Trust is a big deal. As we go through life we learn a lot about it, and I fear, that much of what we learn is not very positive. As people disappoint us we learn to expect the let down. As they betray our trust in them, we learn to be self-protective and skeptical. Because trust is so often broken in our world, when groups of people come together to work as a team they often spend significant amounts of time and put out great effort in learning to trust each other. Even these hard earned bonds are usually rather fragile. They come apart at the slightest intrusion of suspicion or doubt.


Such is the nature of the world where we live. Thus, we all enter into lives where the pain of isolation and the weakness that separation causes are normal for us. Yet, this is not how God made us. In the Lord’s work of creating people in His image, He made us to be relational beings who engage in deep and intimate ways with God and with other people. Trust is foundational to that sort of engagement. We need to be willing to expose our needs and ourselves in a manner that is profoundly vulnerable in order to operate at a deep and a lasting level in relationships. Likewise, we must be open and trustworthy with the deep ideas and feelings that others bring to us.

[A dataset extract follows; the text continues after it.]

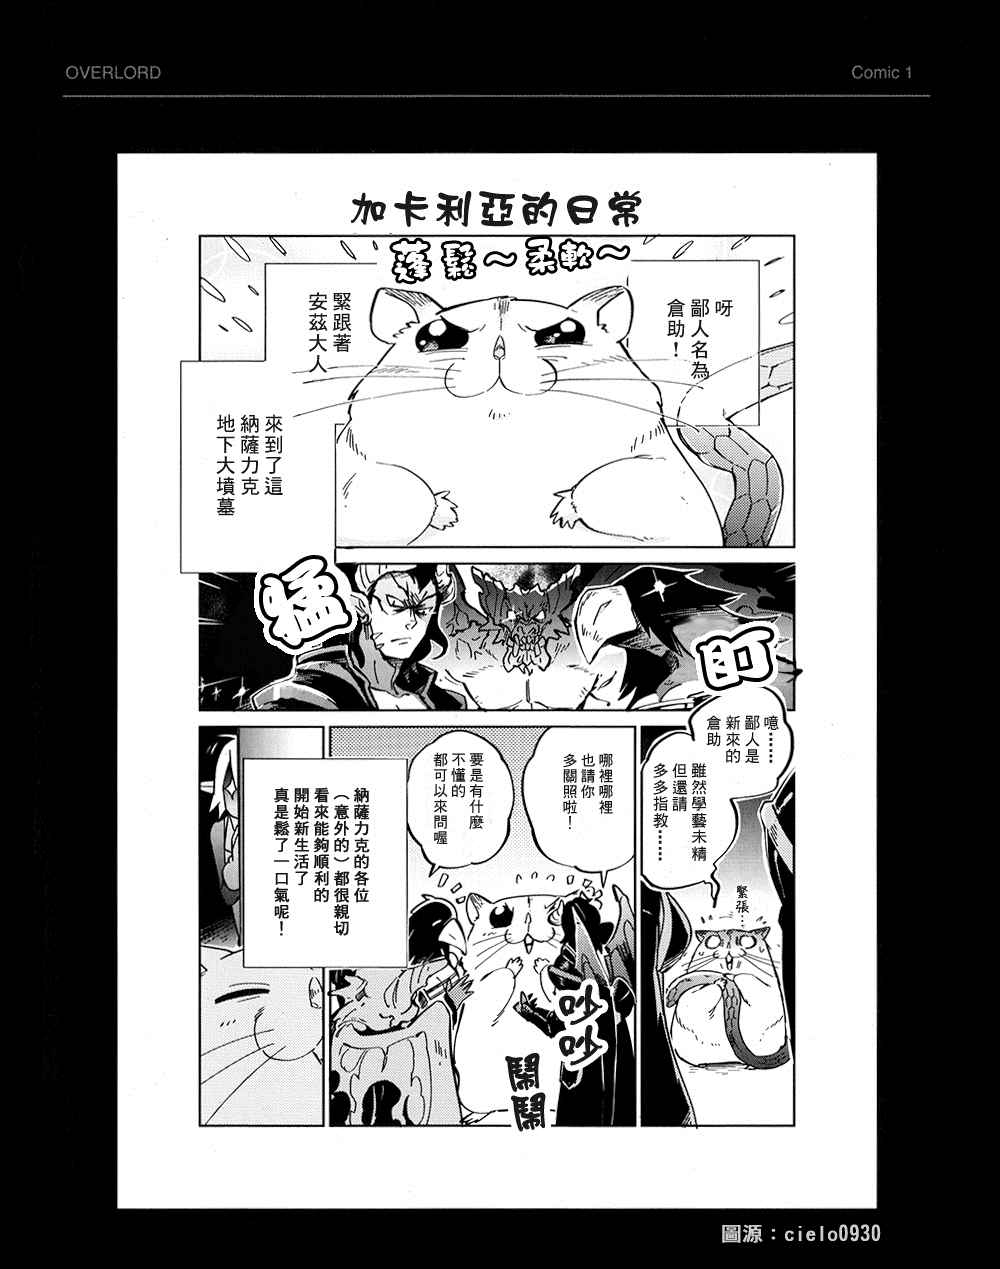 《OVERLORD》漫画 BD附录04

Our greatest and best capacity to trust and to be trustworthy starts with the way that we view God and our relationship with Him. My experience and that of innumerable people in God’s Word is that trustworthiness is a fundamental characteristic of God. He takes my deepest, darkest, and most painful revelations and provides me with truth that engages the struggle and with resources to live fully and well. My capacity to trust other people is grounded in my trust in God. I know that He has my back, and my front, and everything in the middle. I also recognize the fact that the Lord desires that my relationships would be strong and healthy. He wants people to stand together in our faith in the God who is trustworthy, and He works with us to build those relationships.

Of the Son, God, the Father, says,

“Thy throne, O God, is forever and ever, and the righteous scepter is the scepter of His kingdom.”

Hebrews 1: 8 (quoting Psalm 45: 6)


We people make decisions about allegiances and memberships all of the time. We join a group that looks like it has common goals and values to us, or we pay the fee and gain admittance into a society that promises to provide us with certain things that we desire to have. Some of these affiliations and relationships are long lasting and some have very short lives; yet, most of us put a significant amount of energy into the process of selecting them and into maintaining them. Still, all of these human connections will suffer from imperfection and instances of failure, and we will wind up abandoning many of them.


Here God is pointing the way to entering into the one and the only truly permanent relationship that exists in the universe. God is telling us that Jesus is the ruler of Creation, that His reign has always existed, and that it will never stop. If I want to find consistency, truth, and real durability in this life; then I need to start with the foundation from which all of these things are built. Jesus brings the understanding and the wisdom of eternity to my weak and wandering heart and mind, and He also has the authority, the power, and the desire to actually cause my world to change.


Before I sign one more membership application, pledge my loyalty to any other group, or commit to a new affiliation; it would be good to be certain that everything that I am doing fits into Christ’s plan for working through me to redeem this world. He rules the world with righteousness, and He wants all of His people to bring that righteousness with us into every minute of our days. To follow Jesus is to follow the only ruler who will absolutely still be reigning over all at the end of the day. To follow Jesus is to join Eternity’s select group.